Moody’s noted that rising house prices would limit mortgage delinquencies risks to some extent because they would make it easier for borrowers facing financial hardship to sell their properties and repay loans.

“But the positive influence of rising house prices will not be enough to prevent delinquency rates from increasing in the first half of 2021,” Moody’s said.

It concluded: “Towards the end of 2021, as the economic recovery gathers momentum, we expect the situation to turn around and for delinquency rates to improve.”

Standard & Poor’s recently published RMBS Performance Watch: Australia report showed that the level of mortgage arrears had begun to rise, with the arrears index increasing to 1.37 per cent in December 2020, compared with 1.28 per cent in the same period a year earlier.

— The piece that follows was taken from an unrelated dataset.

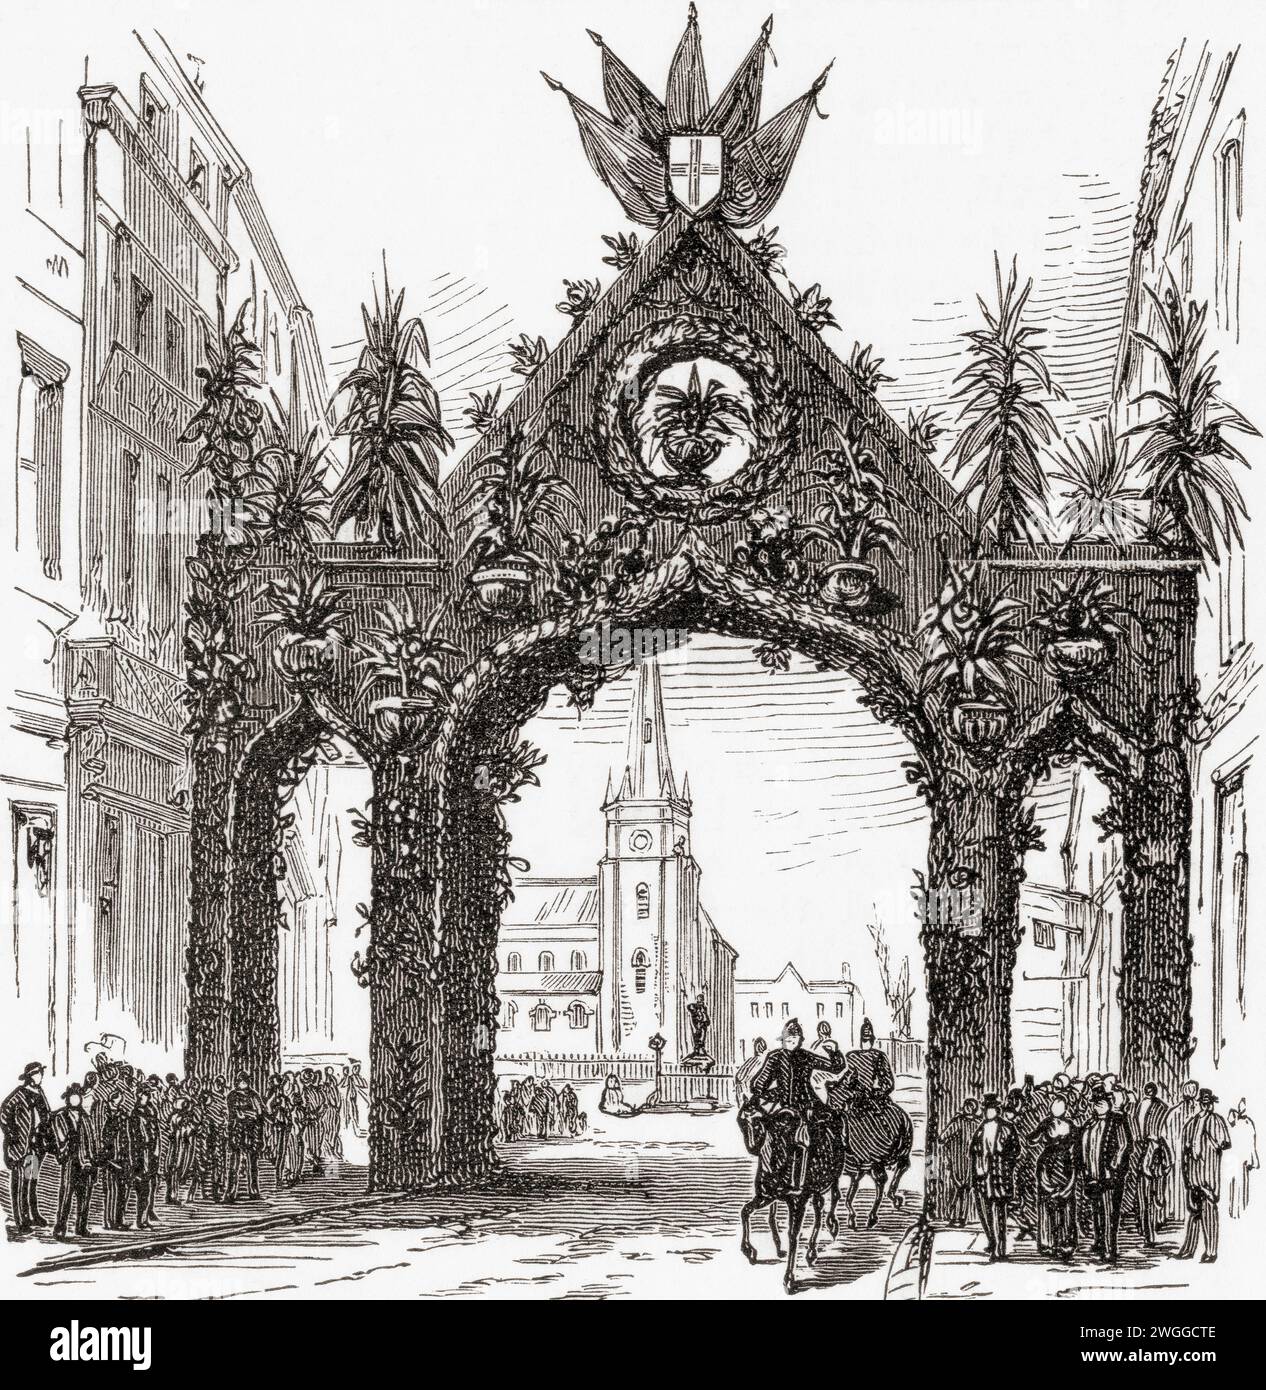 Floral Arch, arène, Birmingham, Angleterre, érigé pour marquer la visite de la reine Victoria à Birmingham le 23 mars 1887, année du Jubilé d'Or. Tiré du London Illustrated News, publié le 26 mars 1887. Banque D'Images

Loan deferral value plummets to $10 billion

Meanwhile, data from the Australian Banking Association (ABA) has revealed that almost 97 per cent of all deferred loans resumed repayments by the end of January.

Figures from the ABA show that the total value of loans deferred has dropped from a peak of $245 billion in July 2020 to just over $10 billion in February 2021.

The ABA’s analysis of the Australian Prudential Regulation Authority’s (APRA) data on the latest loan deferral figures from the major banks has shown that as of 28 February, total outstanding deferrals make up 3.5 per cent of all loans that were deferred.

The data also shows that more housing loans remain in deferrals compared with SME loans, with 5 per cent of housing loans (22,480 out of 448,864 loans) remaining in deferrals, compared with 1.2 per cent of SME loans (2,803 out of 234,270 SME loans).

The ABA added that on the books of the four major banks, 0.2 per cent of SME loans, 0.5 per cent of housing loans, and 0.2 per cent of all loan facilities remain deferred.

The ABA said the data has come almost a year after the commencement of the support measure that allowed borrowers to defer loan repayments during the COVID-19 crisis.

Commenting on the figures, ABA CEO Anna Bligh said the key priorities for banks in 2021 would turn to supporting customers still experiencing financial difficulty, assisting with economic recovery, and “ensuring that credit flows into the recovering economy”.

“Over the past year, banks have cushioned the blow for their customers. Through 2021, their priority is helping customers rebuild and get ahead,” she said.

According to recent data from APRA, the value of new loans funded by the banks in the final three months of the year 2020 was up 20 per cent on the prior comparative year, and totalled $127.3 billion.

Of this, $88.8 billion was for owner-occupied loans, up more than $17 billion on the same period in 2019.

According to APRA data, as at 31 January 2021, 1.4 per cent of total loans were on temporary repayment deferrals totalling $37 billion.